**What you will do**
Omitting all pictures, copy word for word the lines from the line containing "Ansei Uchima, Abstract" through the final line of the entries.

=== Data supplied ===

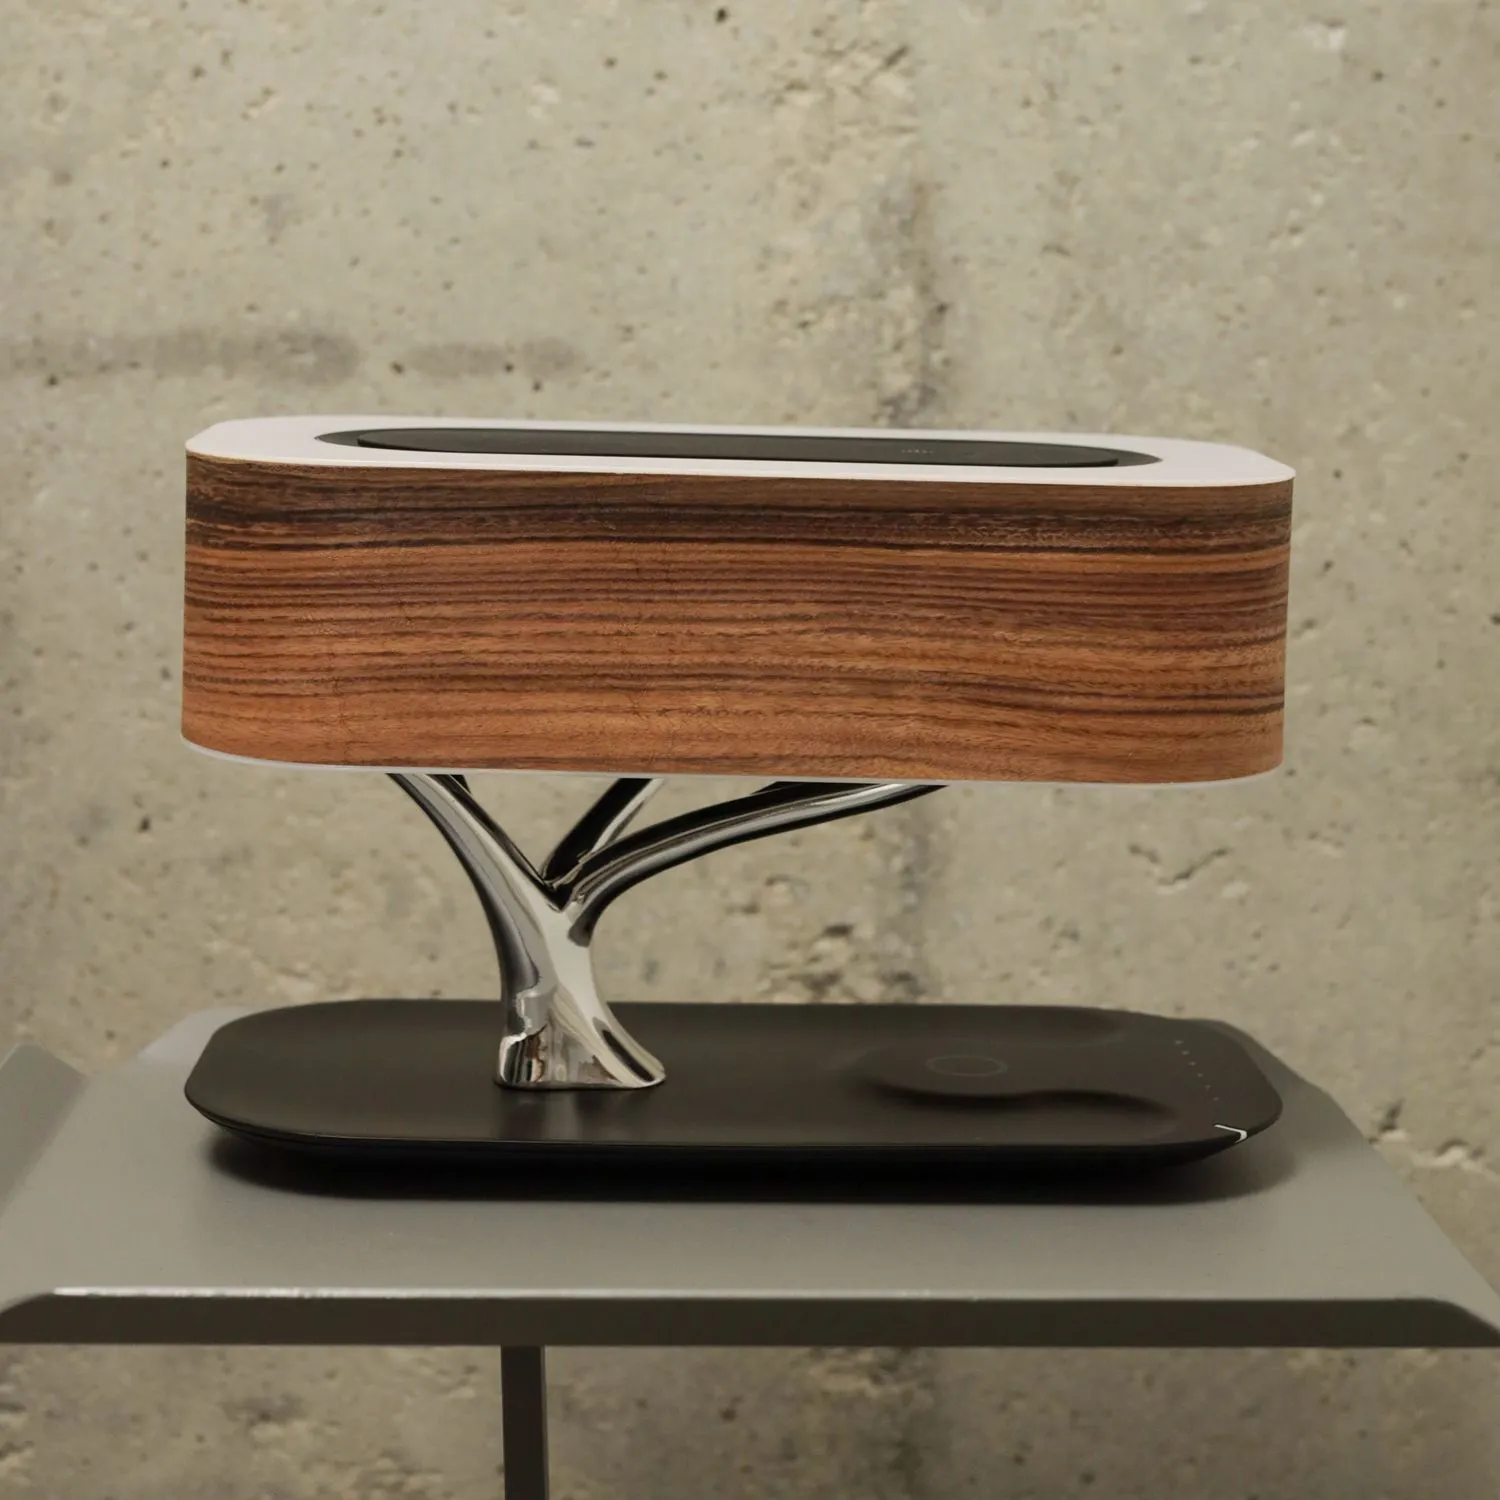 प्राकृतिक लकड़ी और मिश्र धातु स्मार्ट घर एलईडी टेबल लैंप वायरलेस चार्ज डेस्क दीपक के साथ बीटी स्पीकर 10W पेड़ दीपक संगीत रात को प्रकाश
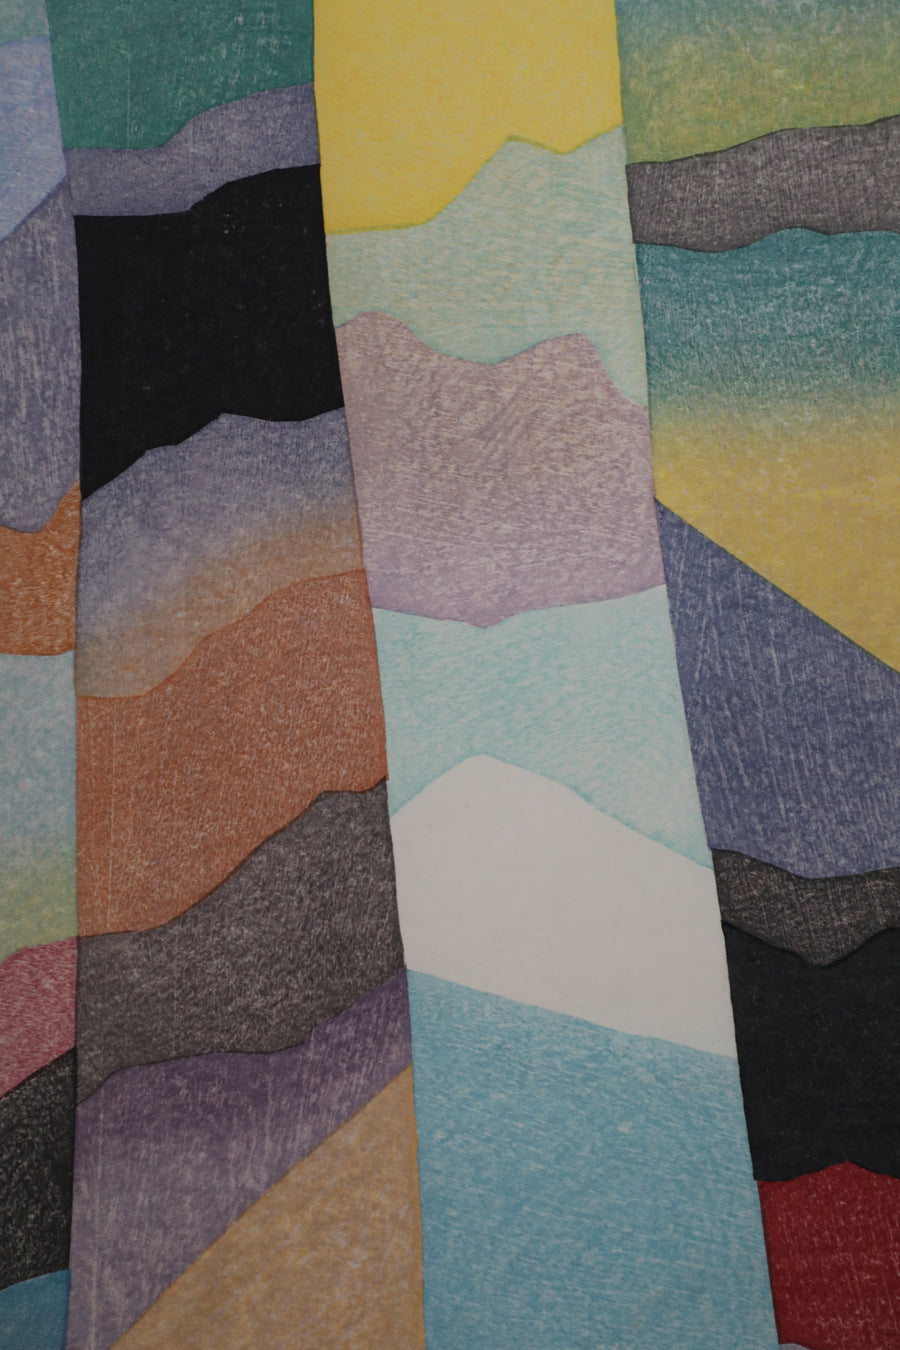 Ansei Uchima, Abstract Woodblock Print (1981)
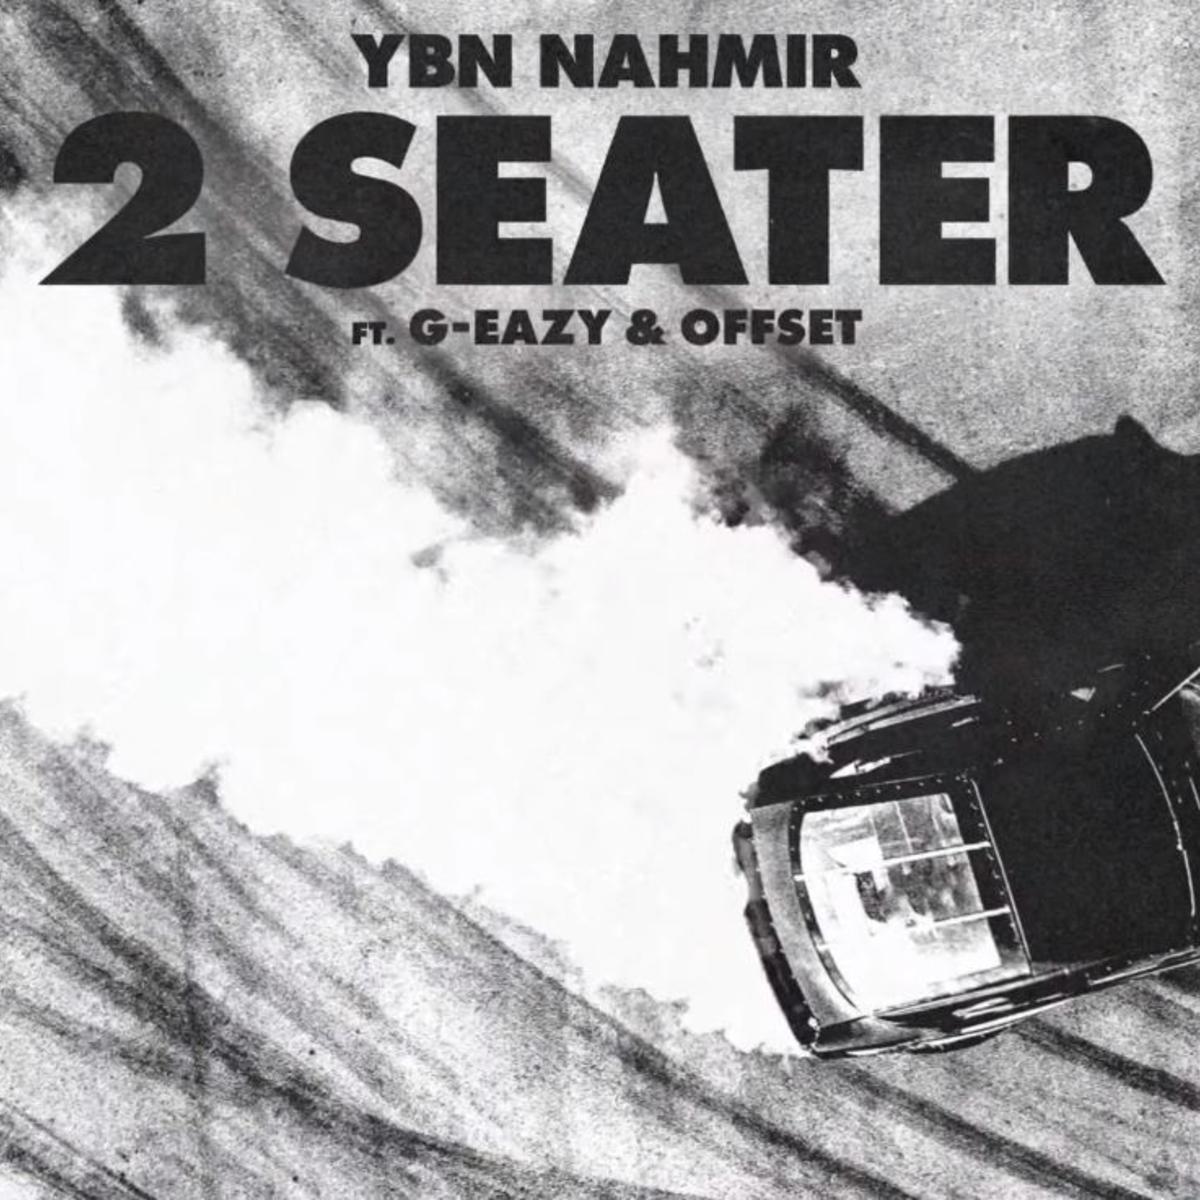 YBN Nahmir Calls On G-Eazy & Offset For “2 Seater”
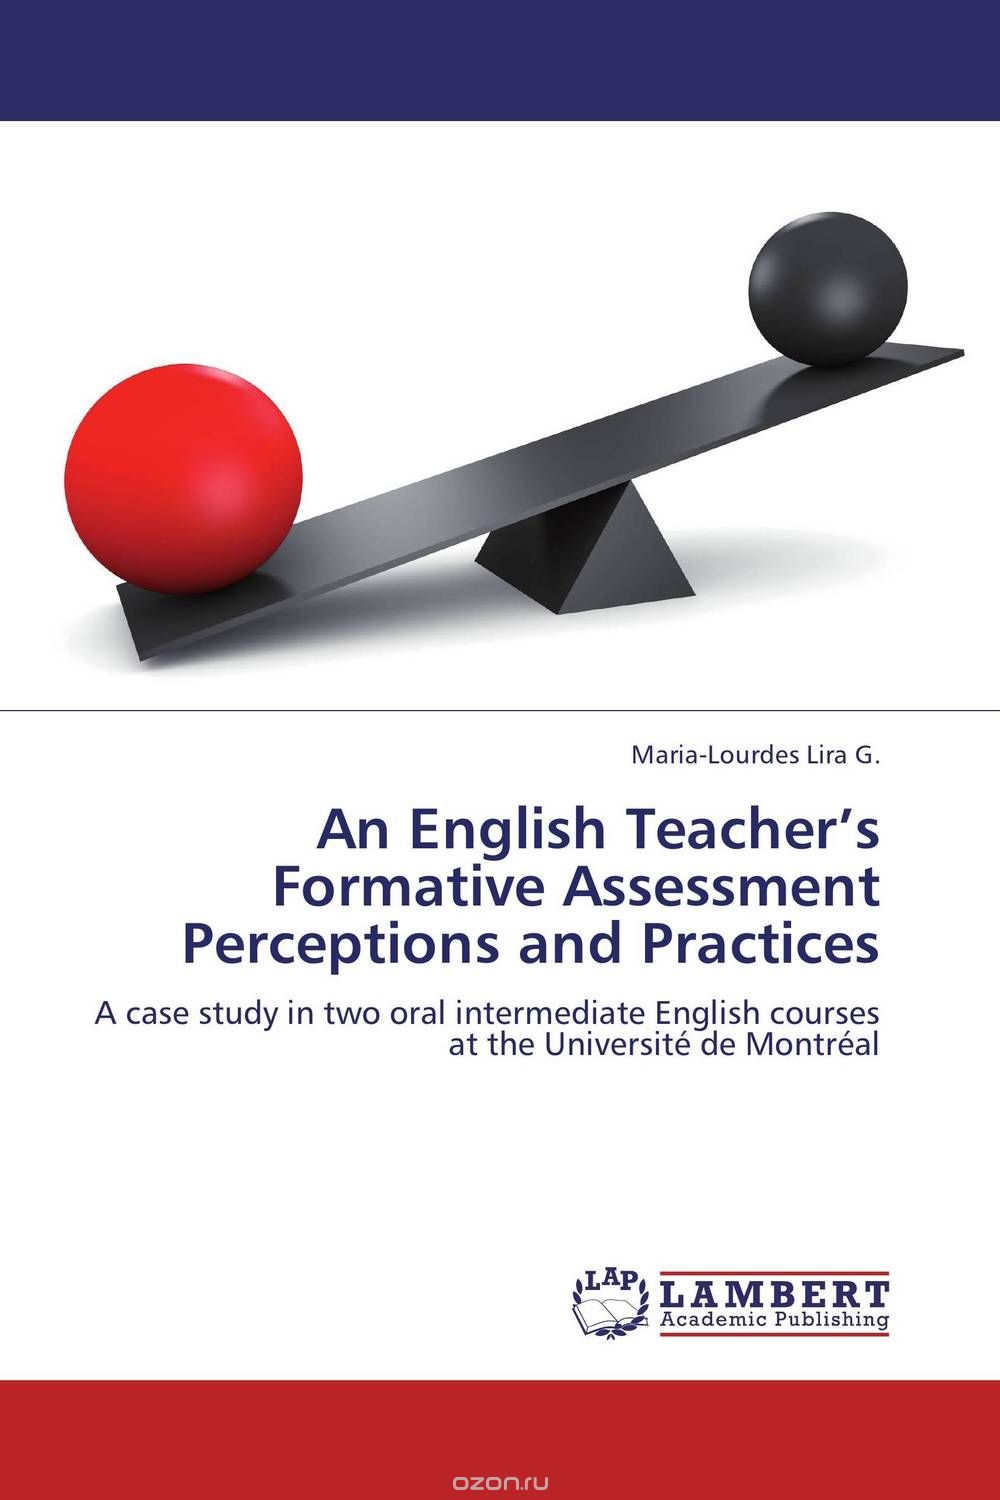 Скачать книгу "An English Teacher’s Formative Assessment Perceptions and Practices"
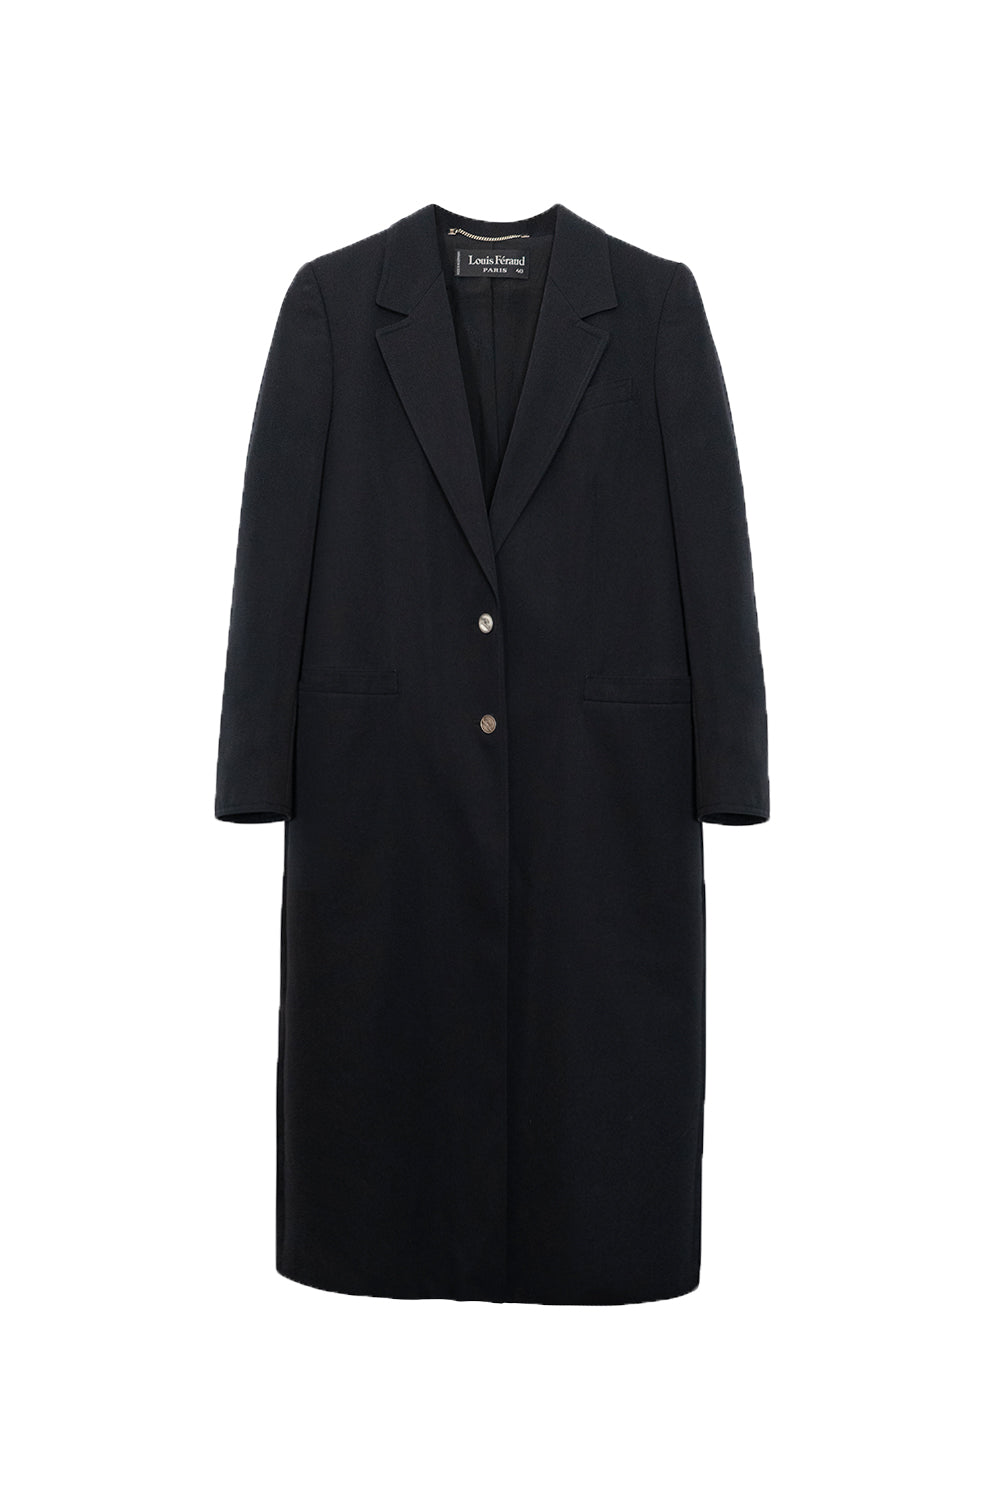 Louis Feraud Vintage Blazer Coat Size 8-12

===

**Task output**
 Ansei Uchima, Abstract Woodblock Print (1981)
 YBN Nahmir Calls On G-Eazy & Offset For “2 Seater”
 Скачать книгу "An English Teacher’s Formative Assessment Perceptions and Practices"
 Louis Feraud Vintage Blazer Coat Size 8-12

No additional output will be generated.